Interactions with GL_EXT_shader_explicit_arithmetic_types_float32
If GL_EXT_shader_explicit_arithmetic_types_float32 is not supported,
remove the tensorReadARM/tensorWriteARM overloads that use float32_t.
Interactions with GL_EXT_shader_explicit_arithmetic_types_float64
If GL_EXT_shader_explicit_arithmetic_types_float64 is not supported,
remove the tensorReadARM/tensorWriteARM overloads that use float64_t.
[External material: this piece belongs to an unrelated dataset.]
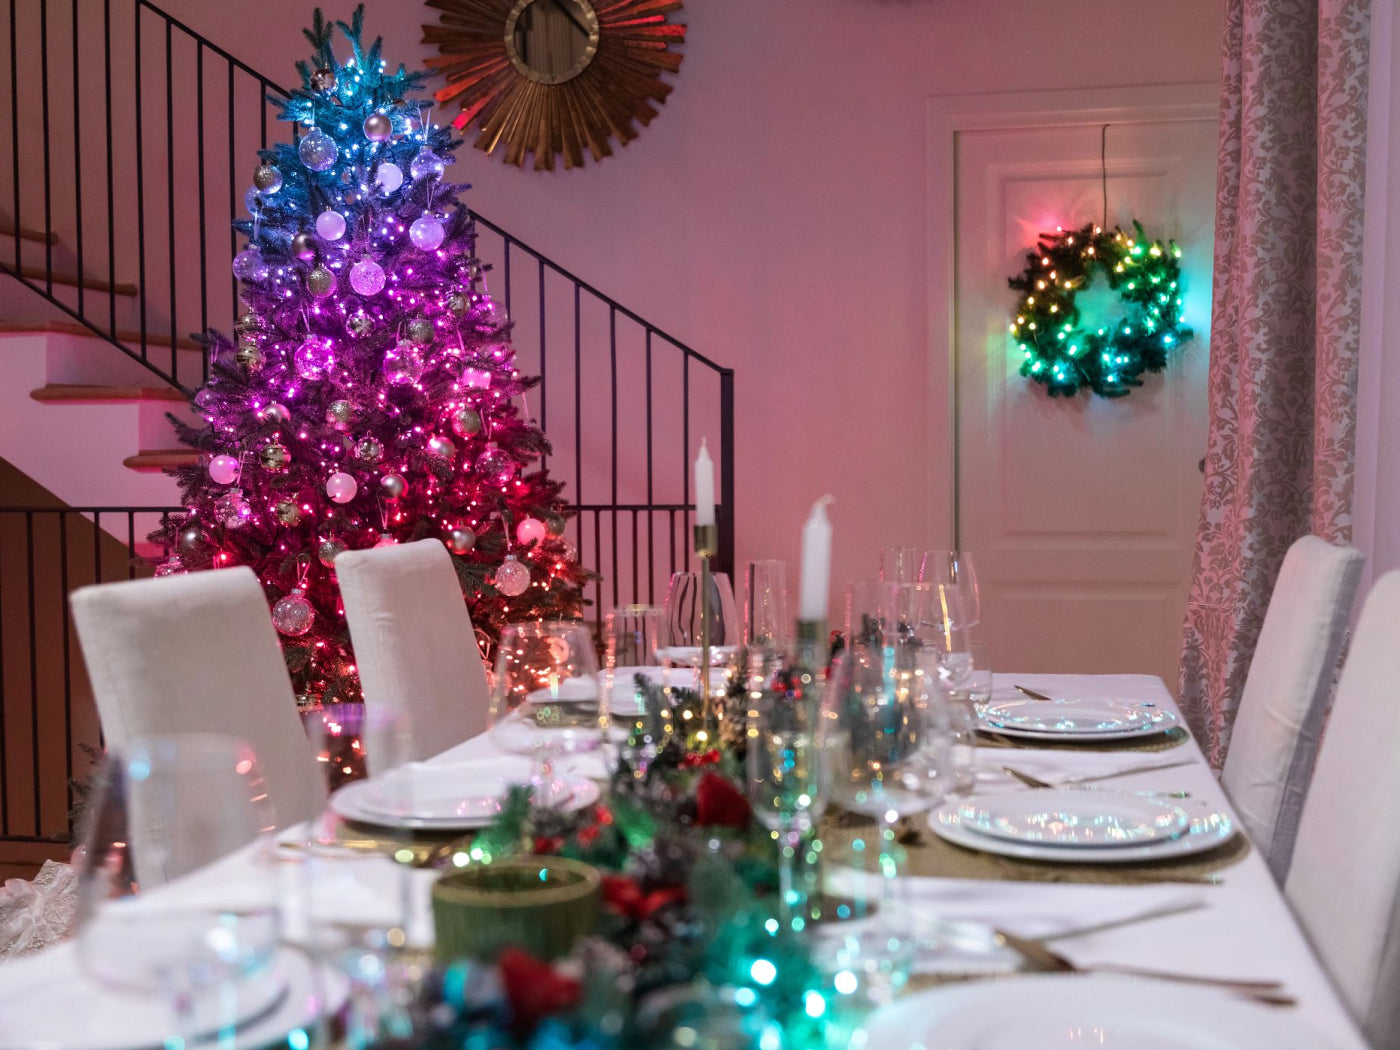 5 reasons why Twinkly offers the best decorative Christmas lights

Interactions with GL_EXT_shader_explicit_arithmetic_types_int8
If GL_EXT_shader_explicit_arithmetic_types_int8 is not supported,
remove the tensorReadARM/tensorWriteARM overloads that use int8_t and
uint8_t.
Interactions with GL_EXT_shader_explicit_arithmetic_types_int16
If GL_EXT_shader_explicit_arithmetic_types_int16 is not supported,
remove the tensorReadARM/tensorWriteARM overloads that use int16_t and
uint16_t.
Interactions with GL_EXT_shader_explicit_arithmetic_types_int32
If GL_EXT_shader_explicit_arithmetic_types_int32 is not supported,
remove the tensorReadARM/tensorWriteARM overloads that use int32_t and
uint32_t.
Interactions with GL_EXT_shader_explicit_arithmetic_types_int64
If GL_EXT_shader_explicit_arithmetic_types_int64 is not supported,
remove the tensorReadARM/tensorWriteARM overloads that use int64_t and
uint64_t.
Interactions with GL_EXT_bfloat16
If GL_EXT_bfloat16 is not supported, remove the
tensorReadARM/tensorWriteARM overloads that use bfloat16_t and
the GL_ARM_tensors_bfloat16 extension.
Interactions with GL_EXT_float_e5m2
If GL_EXT_float_e5m2 is not supported, remove the
tensorReadARM/tensorWriteARM overloads that use floate5m2_t and
the GL_ARM_tensors_float_e5m2 extension.
Interactions with GL_EXT_float_e4m3
If GL_EXT_float_e4m3 is not supported, remove the
tensorReadARM/tensorWriteARM overloads that use floate4m3_t and
the GL_ARM_tensors_float_e4m3 extension.
Issues
1) Converting between vectors and arrays is cumbersome for shader writers.
Resolution:
This extension will not change or extend the language rules for conversions
between vector and array types.
Revision History
Rev. Date Author Changes
---- ---------- -------------------- -----------------------------------------
2 2026-02-27 Kevin Petit Add support for bfloat16_t, floate5m2_t, and floate4m3_t
1 2025-06-19 Sven van Haastregt Initial revision.